October 20, 2008

More Training

10/20/08
Z-Health - combo R & I warmup - 10 min

Working SuperSets w 24kg
Military Press Ladder - (1,2,3) x 5 L,R
Hindu Squats - (15 x 5) = 75 reps

Back was off this morning - got adjusted so decided to take it easy today


10/17/08
Z-Health - combo R & I warmup - 10 min

Working SuperSets w16kg
Swings (10 L, R x 2) x 5 = 200 reps
Hindu Squats (30 x 5) = 150 reps - this was hard today!

Yoga
Sun Salute - 1 rd.
Polarity Squat - F & B, L & R, circles - 1 min
Sun Salute - 1 rd.
Triangle Pose - 1rep L, R - Z drills for thoracics, hips, pelvis, lumbar & knee
Cossack - 1 rep L, R

10/16/08
Z-Health
- combo R & I warmup - 10 min

Working Sets w/24kg
Military Press Ladder - (1,2,3,4,5) x 1 + (1,2,3,4) x 4, - L,R - did each ladder nonstop & took long (2-3min) walk breaks in between ladders

Yoga
Sun Salute - 2 rd.
Polarity Squat - F & B, L & R, circles - 1 min
Triangle Pose - 1 rep L, R - Z drills before
Cossack - 1 rd

October 15, 2008

Training Progress

10/15/08
Z-Health - combo R & I warmup - 10 min

Working Supersets w16kg
Swings (10 L, R x 2) x 3 + (12 L, R x 2) x 2 = 216 reps
Hindu Squats (30 x 5) = 150 reps

At 366 reps, this is a tough workout, but I have a plan: I will hold at 150 reps in Hindu Squats for a while and work up to 5 sets of 12 x 4 (L,R) with the 16kg. That will be total 390 reps! I will add 10 more Squats to make it an even 400.

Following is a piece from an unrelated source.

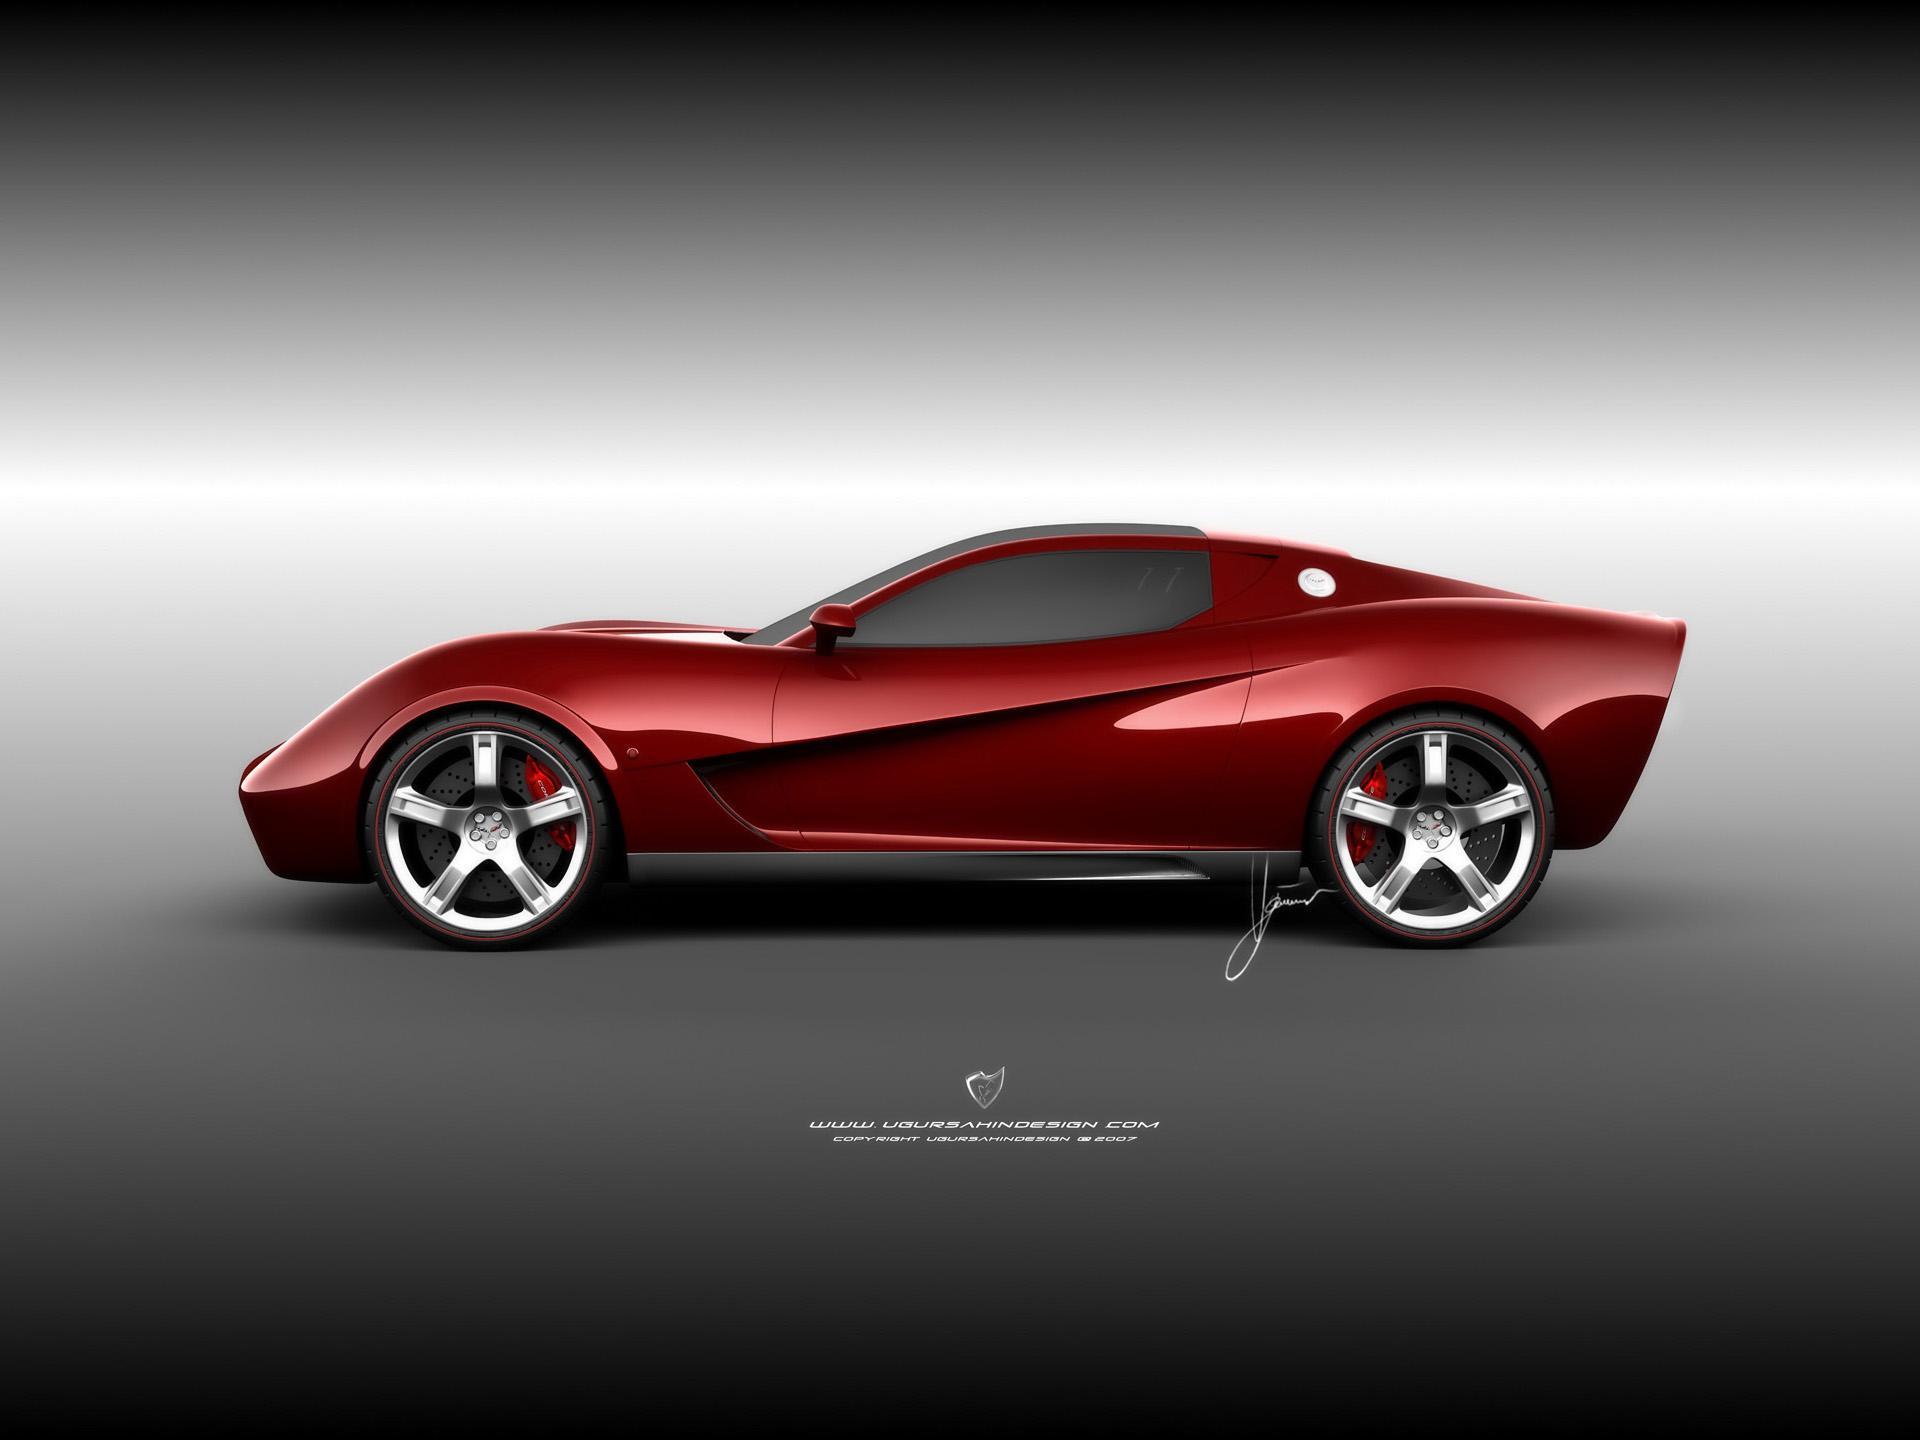 2009 ugur sahin corvette z03 concept. Black Bedroom Furniture Sets. Home Design Ideas

Next I may try moving up to the 24kg with the same format or switch to something else for a change.

Yoga
Sun Salute - 1 rd. - extra time spent in downward dog & Lunge positions
Polarity Squat - F & B, L & R, circles - 1 min
Sun Salute - 1 rd. - done at faster pace - almost coordinated w/breathing

Triangle Pose - 1rep L, R - Z drills for thoracics, hips, pelvis, lumbar & knee

10/14/08

Z -Health - combo R & I warmup - 10 min

Working Supersets w/24kg
Military Press Ladder - (1,2,3) x 4, (1,2,3,4,5) x 1 - L,R - did each ladder nonstop & took walk breaks in between ladders
Hindu Squats - 35 x 1 = 35 reps

I definitely will be working up to 5 x 5 ladders with the 1.5p. Then what's next? Hmmmm. I guess I'll cross that bridge when I come to it.

Yoga
Sun Salute - 1 rd.
Polarity Squat- F & B, L & R, circles - 1 min
Triangle Pose - 1 rep L, R - Z drills before
Cossack - 1 rd.



10/13/08
very tired, sleepy & depressed at workout time - nap instead


10/12/08
walking on logging roads & ATV trails ~ 3 hrs - ditto yesterday


10/11/08
Up north scouting and preparing for deer hunting season. Did a little grouse hunting too

walking on logging roads & ATV trails ~ 2 hrs - hanging deer stands. Occasional heavy carrying and lifting involved.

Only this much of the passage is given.